The year is 1806. centuries have passed since practical magicians faded into the nation’s past. But scholars of this glorious history discover that one remains: the reclusive Mr Norrell, whose displays of magic send a thrill through the country. Proceeding to London, he raises a beautiful woman from the dead and summons an army of ghostly ships to terrify the French. Yet the cautious, fussy Norrell is challenged by the emergence of another magician: the brilliant novice Jonathan Strange. Young, handsome and daring, Strange is the very antithesis of Norrell. So begins a dangerous battle between these two great men which overwhelms that between England and France. And their own obsessions and secret dabblings with the dark arts are going to cause more trouble than they can imagine.
About Susanna Clarke
From the publisher . . .
Susanna Clarke was born in Nottingham in 1959, the eldest daughter of a Methodist minister. She was educated at St Hilda’s College, Oxford, and has worked in various areas of publishing. In 1990 she left London to teach English in Turin and Bilbao for two years, returning to England to work at Simon and Schuster as a cookery editor.

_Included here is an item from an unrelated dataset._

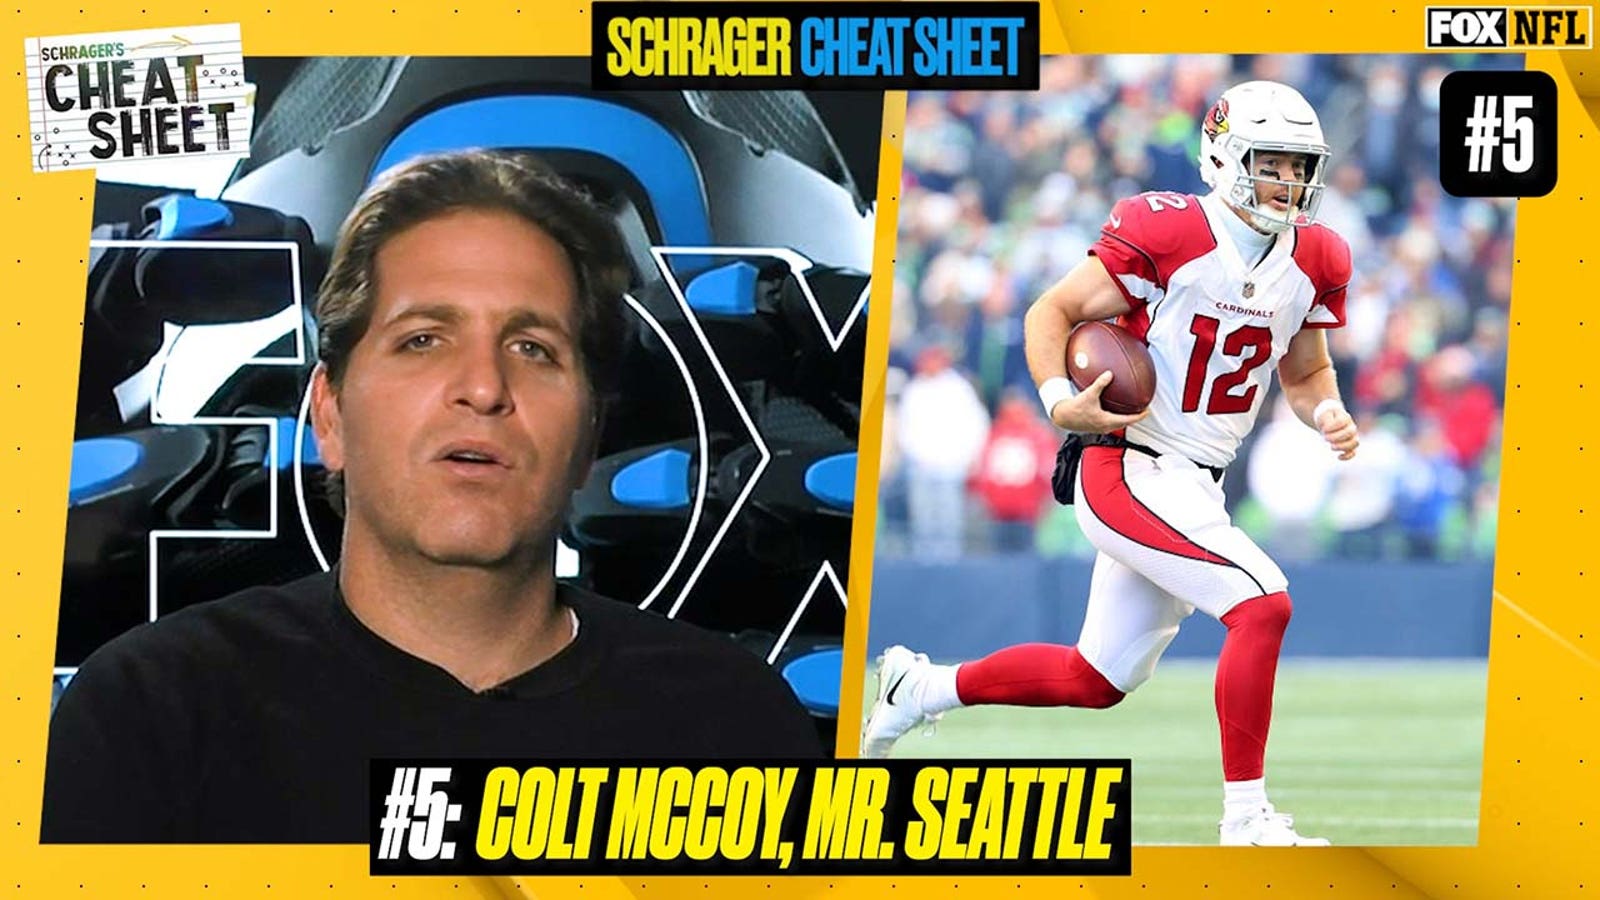 Peter Schrager praises Colt McCoy for keeping the Cardinals atop the NFC I Cheat Sheet for Week 12

In 1992, she began working on Jonathan Strange and Mr Norrell which was finally published in 2004 by Bloomsbury to widespread critical acclaim and commercial success. Jonathan Strange and Mr Norrell was filmed as a major BBC drama that aired in 2015. She followed with a collection of short stories, The Ladies of Grace Adieu (2006). Her short story Mr Simonelli, or The Fairy Widower was short-listed for a World Fantasy Award in 2001. Susanna lives in Cambridge with her partner, the novelist and reviewer Colin Greenland.
Consider taking a moment to read this interview with Susanna Clarke from BBC . . .
The library owns several of Ms. Clarke’s other books if you’d like to check them out as well.
Readalikes for Jonathan Strange & Mr Norrell
Discussion questions for Jonathan Strange & Mr Norrell
From the publisher’s Reading Guide (download for additional questions and commentary)…
1. Sir Walter Pole likens England in the novel to ‘an orphaned young lady left in the care of a pack of lecherous, avaricious old men’ who ‘stole her inheritance and plundered her house’. What is the narrator’s view of the government ministers, aristocrats and military figures who hold the reigns of power in Regency England? Do you think satire plays an important part in the novel?
2. Jonathan Strange & Mr Norrell interweaves fictional characters with real figures from nineteenth-century England including, among others, King George III, the publisher John Murray, the Duke of Wellington and the poet Byron. What is the effect of mixing fact and fiction in this way?
3. ‘Magicians have no business marrying’ says Mr Norrell, of Strange’s relationship with Arabella. Why does Norrell take such a dim view of Strange’s marriage to Arabella? What does the novel have to say about marriage in general and the nature of relationships between men and women in the society it depicts?
4. How does Susanna Clarke’s use of the language and idiom of the nineteenth century add to the atmosphere of the book? Does the tone of her narrator or her choice of words remind you of any other writers?
5. An interview with Susanna Clarke in Time magazine suggested that, if it had not already been taken, ‘Sense and Sensibility’ would have been a good alternative title for Jonathan Strange and Mr Norrell. How do Strange and Norrell differ in their motivations for reviving English magic, and in their temperaments? Arabella Strange observes that ‘a great disparity of views and temper existed between the two magicians’. Do they have any similarities? Why do you think the author created two contrasting central characters?
6. What part does madness play in the novel?